_Required action:_
Lines from the line with "MILLIONSUKSESS: Petter Northug" to the line with "エアロパーツ For Acura" in the entries below, and only those, must be output exactly, with both ends included.

_Material shown:_
□ □ □ □ □
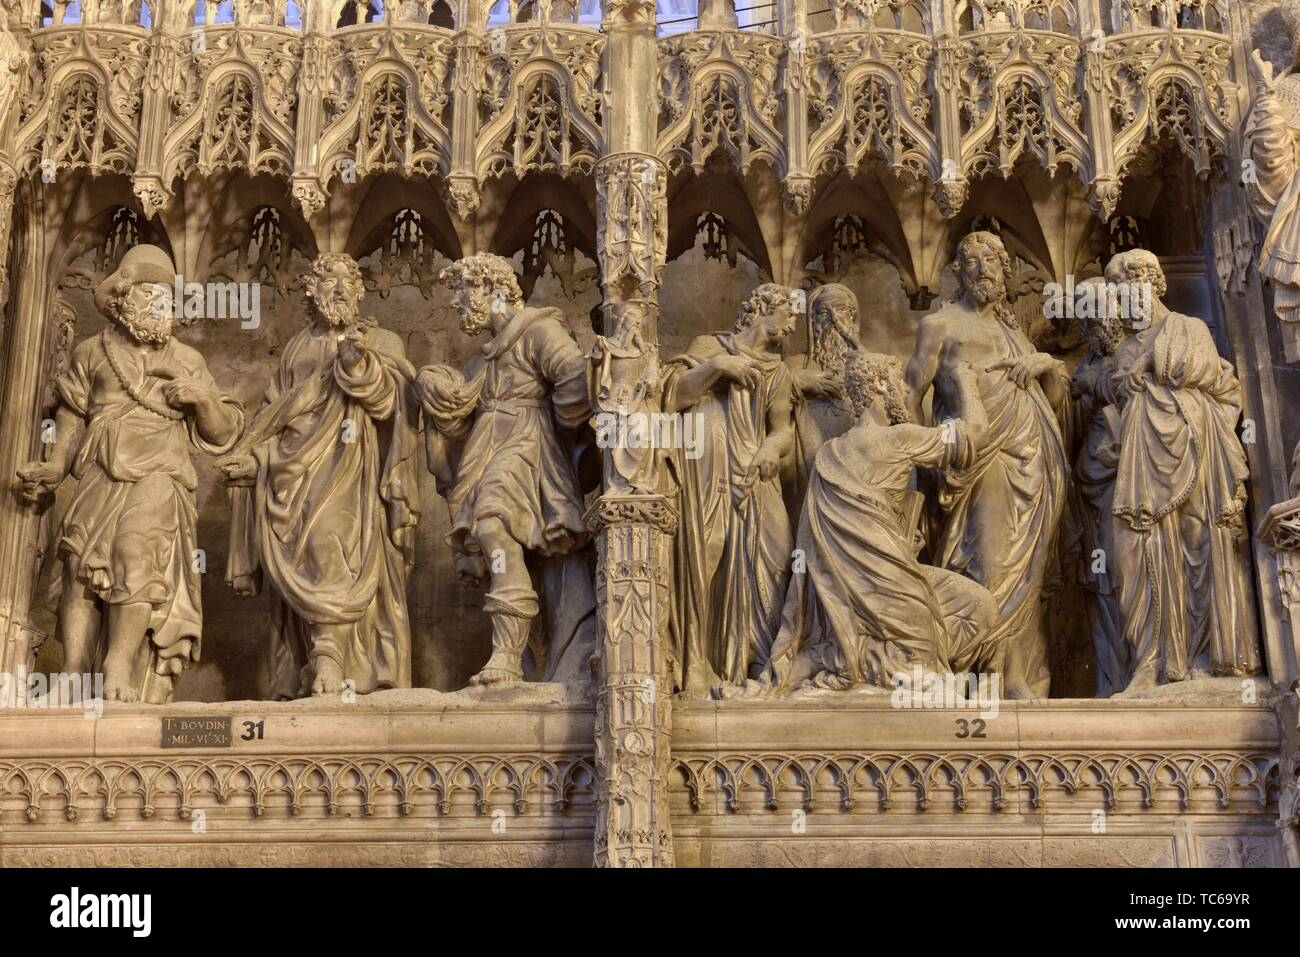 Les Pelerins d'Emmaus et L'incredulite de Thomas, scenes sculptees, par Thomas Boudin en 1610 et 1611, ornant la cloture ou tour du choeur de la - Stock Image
□ □ □ □ □
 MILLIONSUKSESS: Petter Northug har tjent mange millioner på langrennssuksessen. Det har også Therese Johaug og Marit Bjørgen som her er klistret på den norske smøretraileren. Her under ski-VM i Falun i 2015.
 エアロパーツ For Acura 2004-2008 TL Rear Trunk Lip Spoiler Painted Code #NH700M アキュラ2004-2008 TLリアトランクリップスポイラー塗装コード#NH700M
□ □ □ □ □
_Response area:_
 MILLIONSUKSESS: Petter Northug har tjent mange millioner på langrennssuksessen. Det har også Therese Johaug og Marit Bjørgen som her er klistret på den norske smøretraileren. Her under ski-VM i Falun i 2015.
 エアロパーツ For Acura 2004-2008 TL Rear Trunk Lip Spoiler Painted Code #NH700M アキュラ2004-2008 TLリアトランクリップスポイラー塗装コード#NH700M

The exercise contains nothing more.